Melitius or Meletius (died 327) was bishop of Lycopolis in Egypt. He is known mainly as the founder and namesake of the Melitians (c. 305), one of several schismatic sects in early church history which were concerned about the ease with which lapsed Christians reentered the Church.

The details of his life are not clear as there are conflicting accounts of it. According to one version he was imprisoned for his Christianity during the persecution under Diocletian along with Peter of Alexandria. Another source has Peter fleeing the scene and a third one has Melitius himself avoiding prison. Apparently, as early as during the persecution itself, Melitius began to refuse to accept in communion those Christians who had renounced their faith during the persecution and later repented of that choice.
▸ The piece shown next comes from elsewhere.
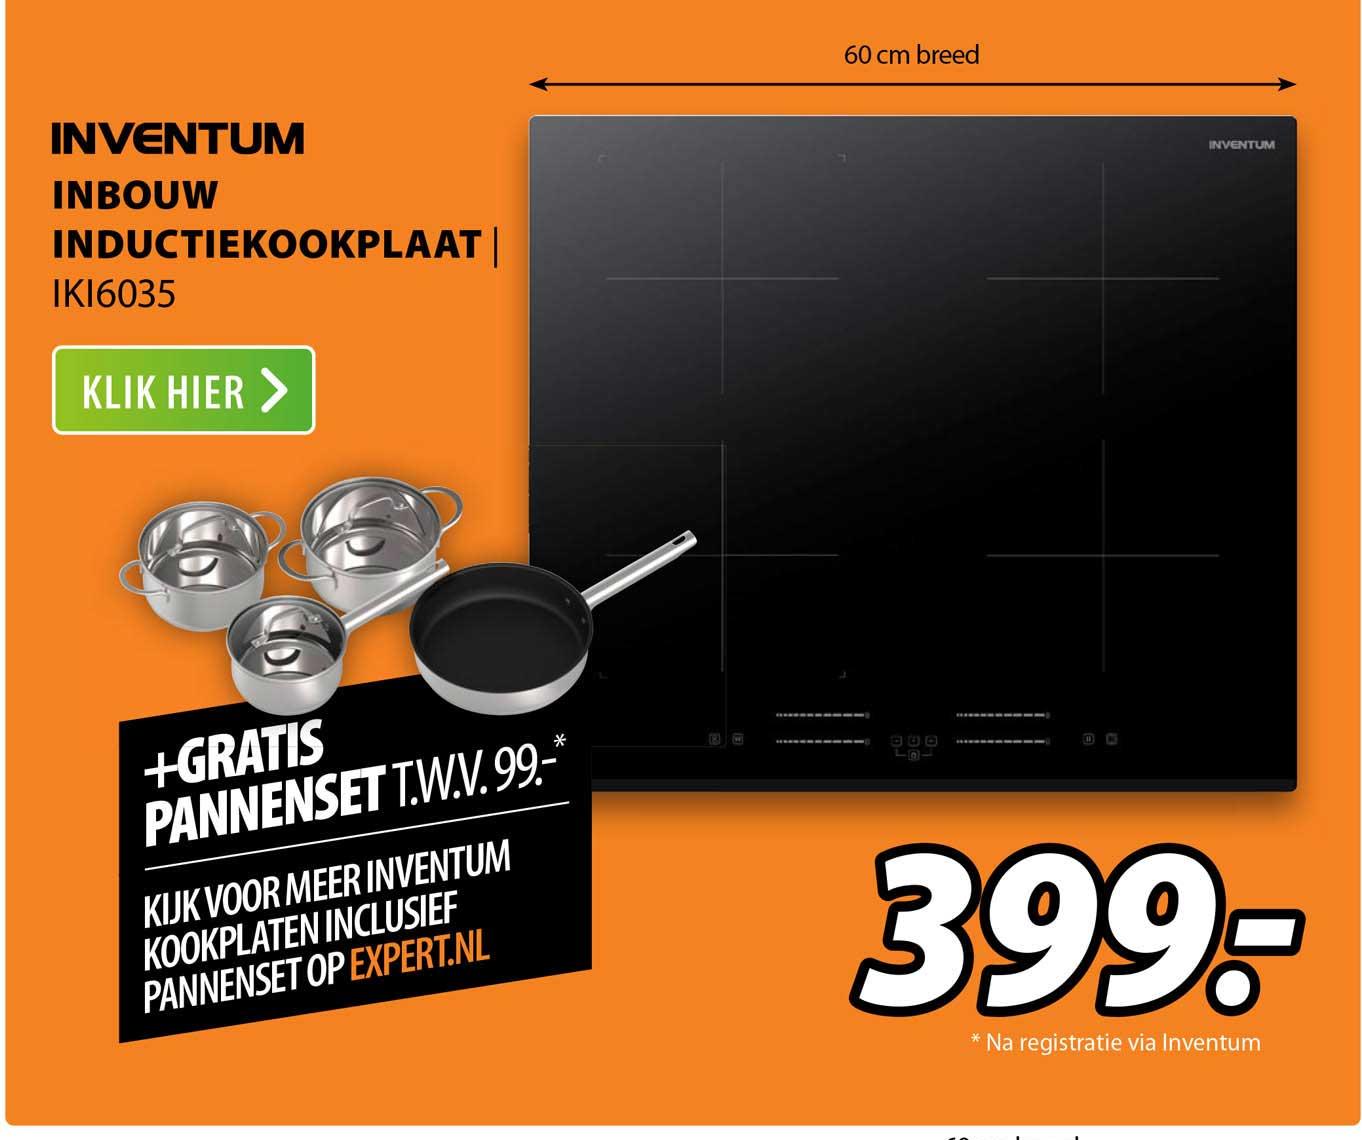 Expert Inventum Inbouw Inductiekookplaat   IKI6035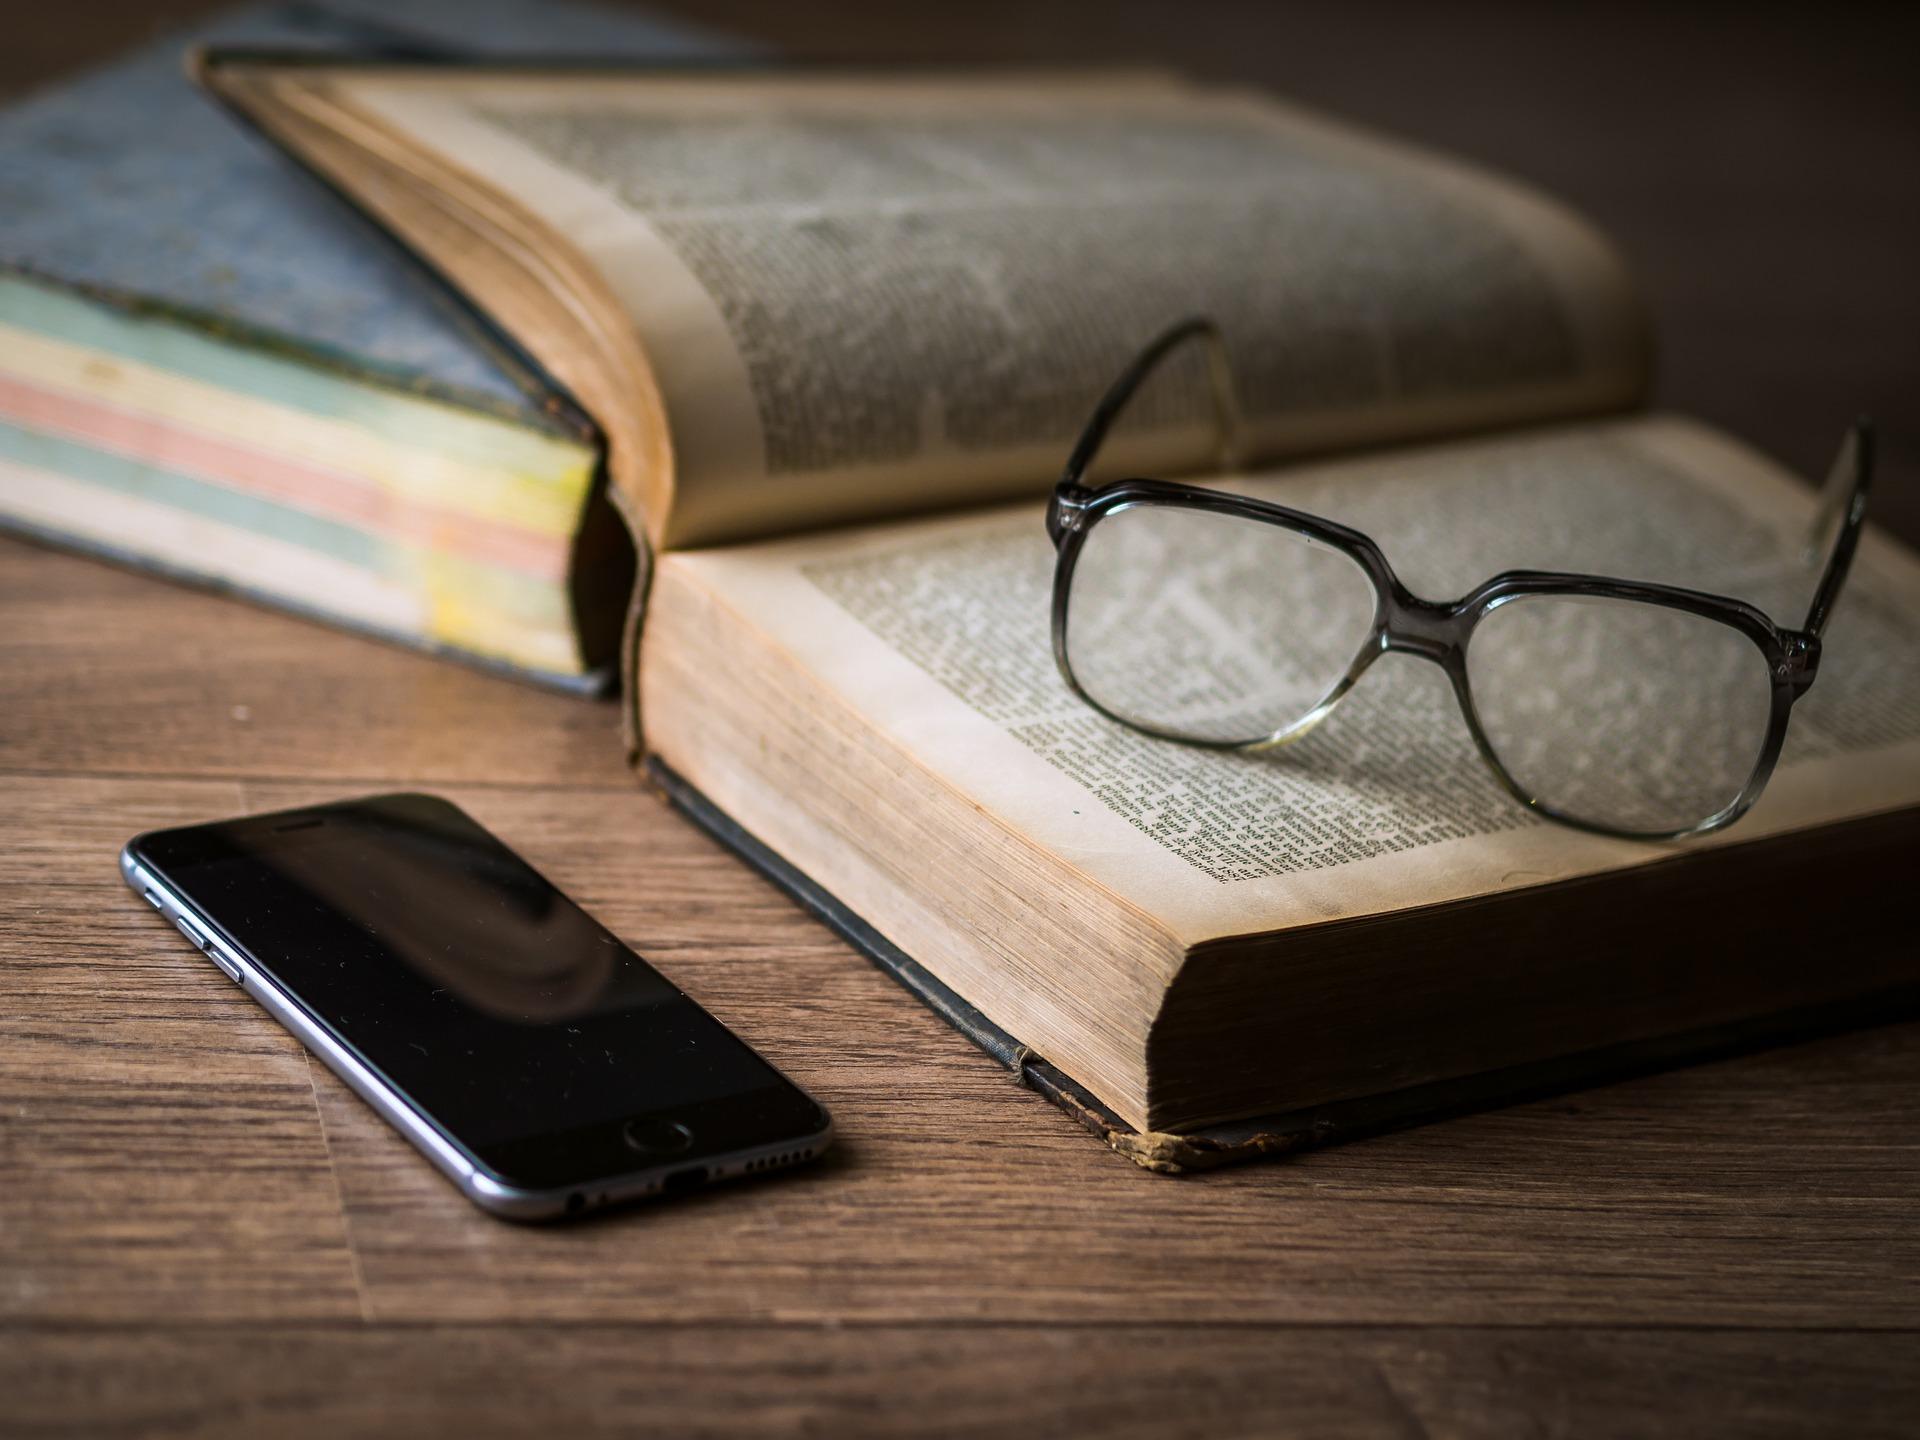 olvasószemüvegek

Melitius' rigorous stance on this point stood in contrast to the earlier willingness of bishops to accept back into communion those who seemed to have truly repented (a pattern which was addressed during previous similar controversies, including those who had lapsed during the Decian persecution about 50 years earlier).

As Bishop of Alexandria, Peter would have been recognized as the leader of the Egyptian church and thus Melitius's superior in church hierarchy. Historian Philip Schaff tells us that prior to Peter's death in 311, he spoke out against Melitius's actions and "deposed him as a disturber of the peace of the church".

The supporters that Melitius drew around him included twenty-eight other bishops, at least some of whom he personally ordained, and the objections against him included that he ordained people in regions where he lacked authority. His group went by the name Church of the Martyrs, inherently objecting to the reacceptance by other bishops of people who chose to avoid the risk of martyrdom. Melitius' influence extended into Palestine.

It is believed by some that Melitius ordained Arius, known for the Arian controversy, as a priest. Scholarly opinions are divided on whether this is the case.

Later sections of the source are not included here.